Children and Families
Do you treat children? If so, what sorts of problems can you help with and what is your approach?
Yes, we provide specialized clinical services for children as young as age 2 suffering from separation anxiety, generalized anxiety, obsessive-compulsive disorder (OCD), shyness and social anxiety, depression, ADHD and behavioral problems. Our approach starts with a comprehensive diagnostic assessment that may include school- and home-based observations and educational testing, and interventions may include individual treatment, intensive treatment, family-based treatment, parent training or a combination of these approaches. In addition, we offer Parent-Child Interaction Therapy (PCIT), a family-oriented therapy designed to help young children with emotional and behavioral disorders.
Do you offer support groups?
Yes, we offer FREE support groups in several of our offices. Support groups can be valuable for individuals suffering from a particular disorder as well as for parents or loved ones who are looking for guidance in best supporting their struggling family member. Current support groups can be found here. Registration is required. For more information, call us at 646-837-5557 x1.

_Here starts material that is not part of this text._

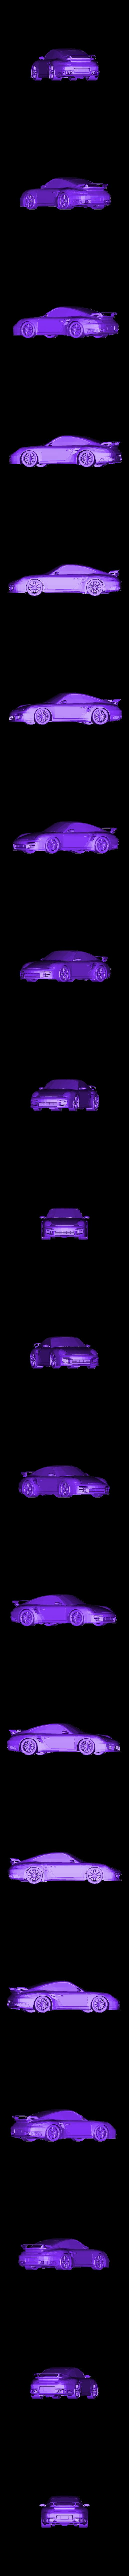 Porsche 911 GT2.stl Download free STL file Porsche 911 Gt2 • 3D print model, detaildesigner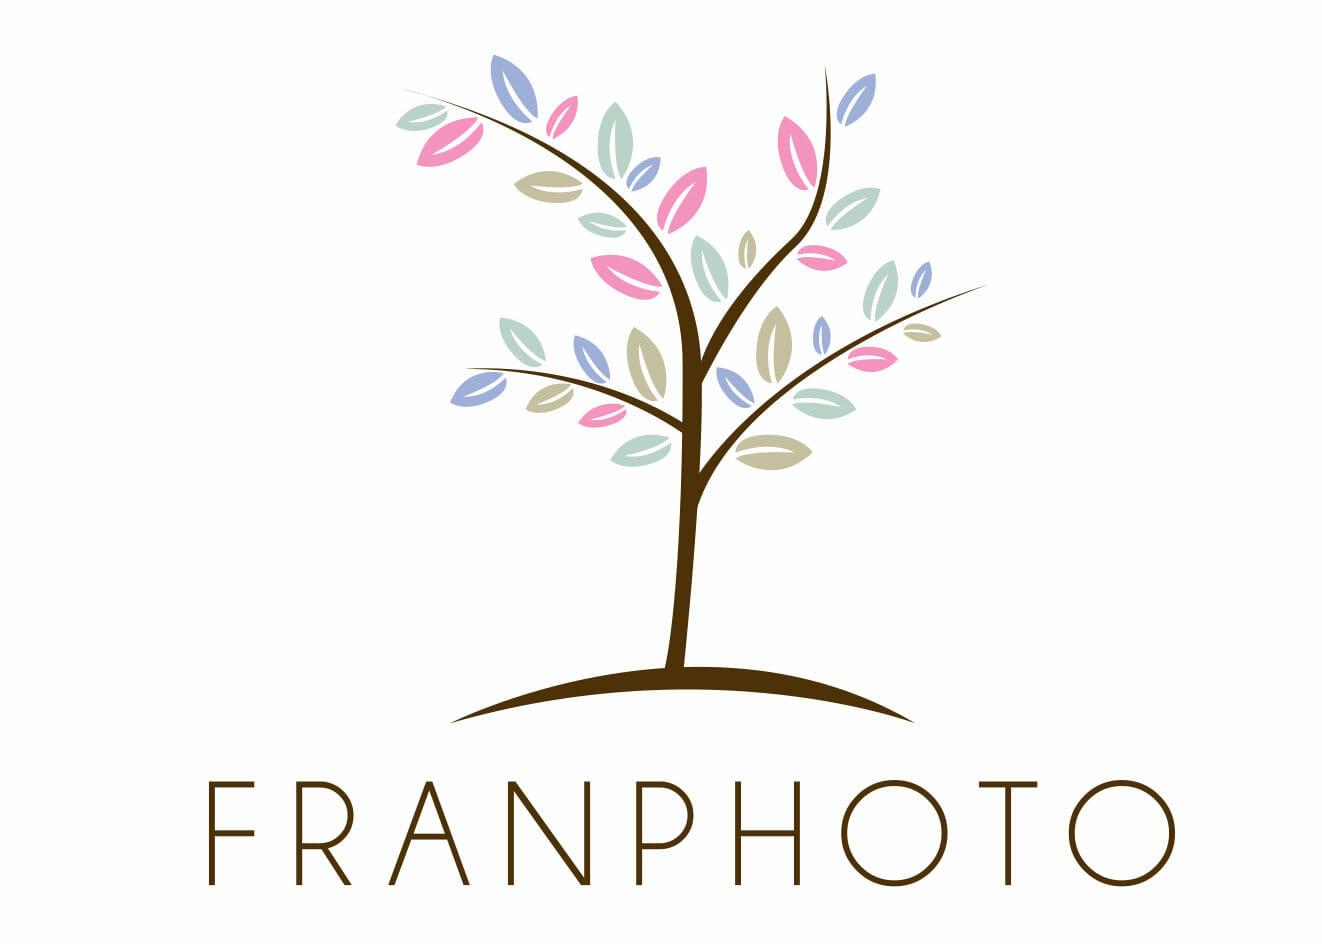 Franphoto

How do you maintain privacy and confidentiality in support groups?
Group treatments are now common practice in the fields of mental and even physical health. All patients who sign up for a group must commit to keep the identity of their fellow patients confidential. Everyone is in the same boat, so people tend to be very respectful of this rule.
I don’t live in the New York area, but I am interested in treatment. What are my options?

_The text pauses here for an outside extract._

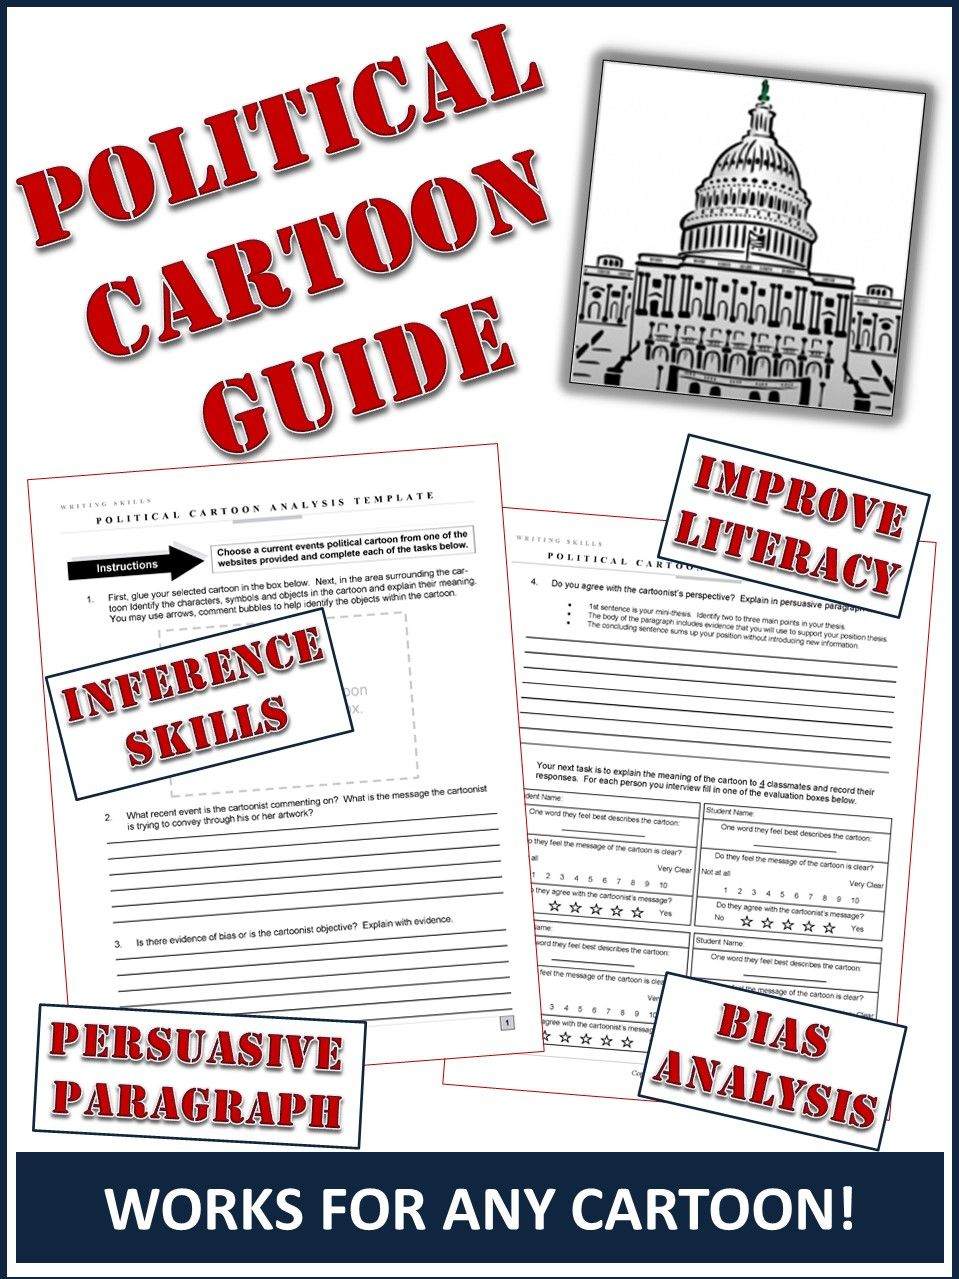 student political cartoons – Analyzing Political Cartoons Worksheet

We offer two types of intensive treatment options that are ideally suited for out-of-town patients. For patients who want to benefit from an immersive approach to therapy, we offer an Intensive Outpatient Program (IOP) whereby treatment is provided for 3 hours each day for up to 10 days. This program can incorporate family members and enables you to plan your travel around busy work or school schedules. In addition, we also offer 1-day treatment for specific phobias that typically involves a single session of up to 6 hours.